Edward McMasters Stanton served as U.S. attorney general from 1860 to 1861 under President James Buchanan. Buchanan, by then a lame duck president, appointed Stanton in hopes of convincing the southern states not to secede from the Union because of the election of Abraham Lincoln. Stanton went on to serve in the cabinets of Lincoln and Andrew Johnson, drawing controversy each time he served. His bid to become a Supreme Court justice was only prevented by his untimely death.
Stanton was born on December 19, 1814 in Steubenville, Ohio. After attending Kenyon College he decided to become a lawyer. Like most attorneys of his day, Stanton served a legal apprenticeship with a local Ohio attorney. Stanton performed clerical duties, researched the law and received tutoring from the attorney in the firm. He was admitted to the Ohio bar in 1836 and set up a solo practice in a small Ohio town. After serving as the local prosecutor, Stanton served as the reporter of the decisions of the Ohio Supreme Court for five years. However, by 1847 he had moved to Pittsburgh, Pennsylvania to practice law.
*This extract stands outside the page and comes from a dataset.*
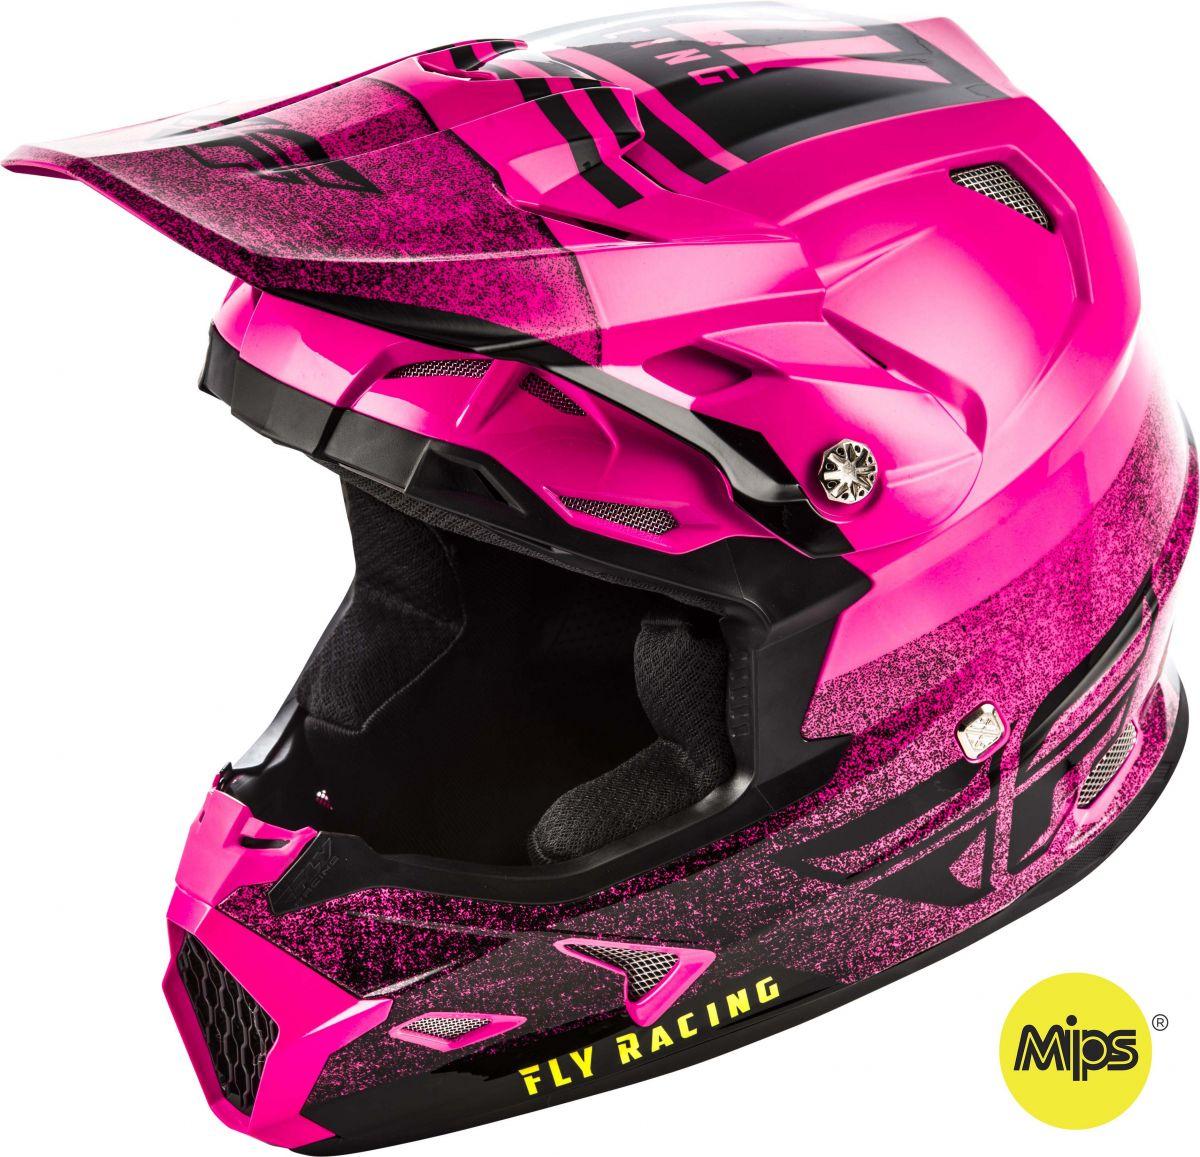 Fly - 2019 Toxin MIPS Embargo Neon Pink/Black шлем, розово-черный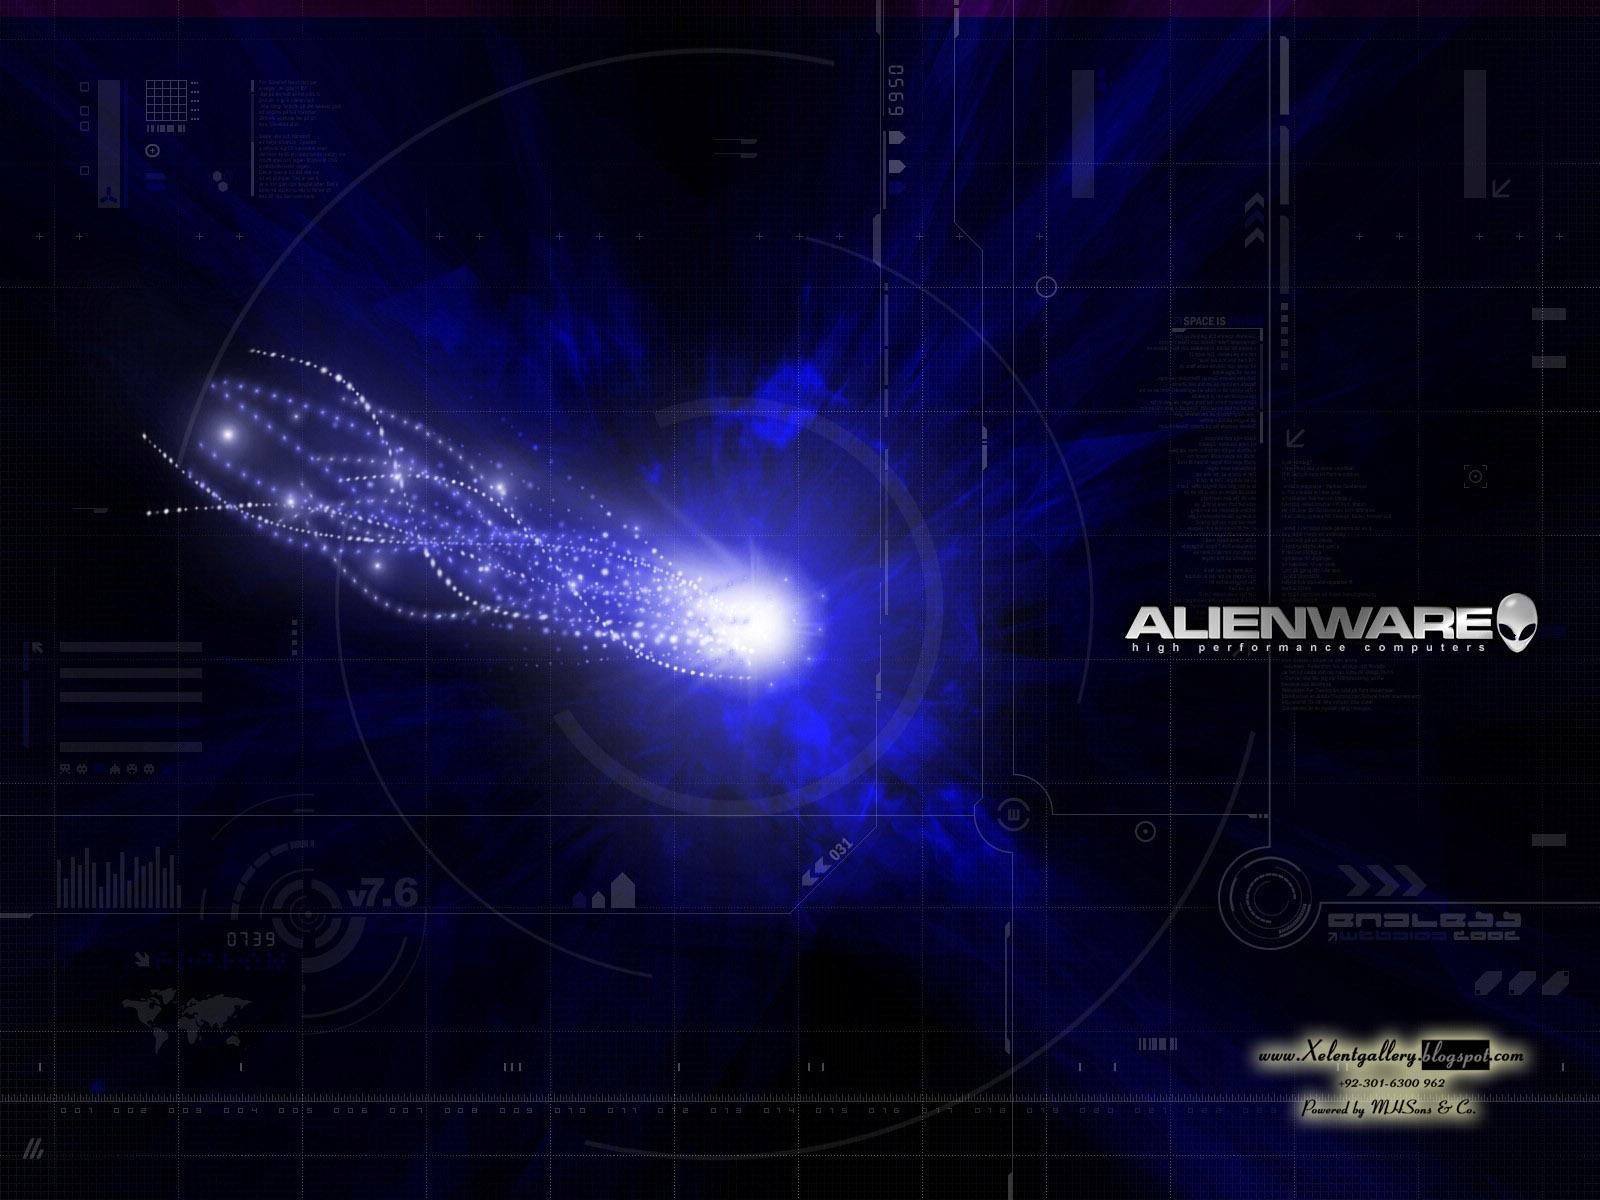 Alienware Wallpapers 1080p HD Walls Find Wallpapers 1600x1200

Stanton specialized in federal court litigation and made a name for himself as a skillful advocate. By 1856 he had moved his practice to Washington D.C., so he could be closer to the U.S. Supreme Court. A Democrat, Stanton became involved in politics and made many useful connections in the capitol city. These relationships help explain why President Buchanan asked Stanton to serve as attorney general in December 1860. With the election of Lincoln the month before, Southern states threatened to secede if Lincoln took office in March 1861. They feared that Lincoln would seek the repeal of slavery and would destroy the traditions of the South. Buchanan, although pro-slavery, did not want the states to secede. Stanton was anti-slavery yet worked with the rest of the cabinet to prevent secession. As the weeks moved on, however, Stanton sought to stiffen Buchanan's resolve and remove Union troops from Fort Sumter, which was on an island outside of the harbor at Charleston, South Carolina. Stanton also sought to ingratiate himself with the incoming president by leaking information to key Republicans. During this period Stanton did virtually nothing that was associated with the duties of attorney general, serving instead as a presidential adviser.
When the southern states seceded in 1861, Stanton remained loyal to the Union. In 1862, President Lincoln appointed him secretary of war, a position he held until the end of the war. Stanton was an effective administrator who, like Lincoln, demanded that Union commanders fight more aggressively. Following Lincoln's assassination in 1865, Stanton helped prosecute the conspirators. Although President Andrew Johnson kept Stanton in his cabinet, Stanton soon proved controversial by abandoning Johnson's conciliatory policies toward the South. Again he proved disloyal by working with congressional Radical Republicans on harsh Reconstruction policies. Faced with disloyalty, Johnson demanded he resign. Stanton refused, claiming a federal law only forced his removal if the Senate consented.
Johnson ignored the law and appointed a successor. These events formed one of the impeachment charges leveled against Johnson. After the Senate acquitted Johnson in 1868, Stanton finally conceded and resigned. In 1869, President Ulysses S. Grant appointed Stanton to the Supreme Court, but he died on December 24, 1869 in Washington, D.C., before assuming the position.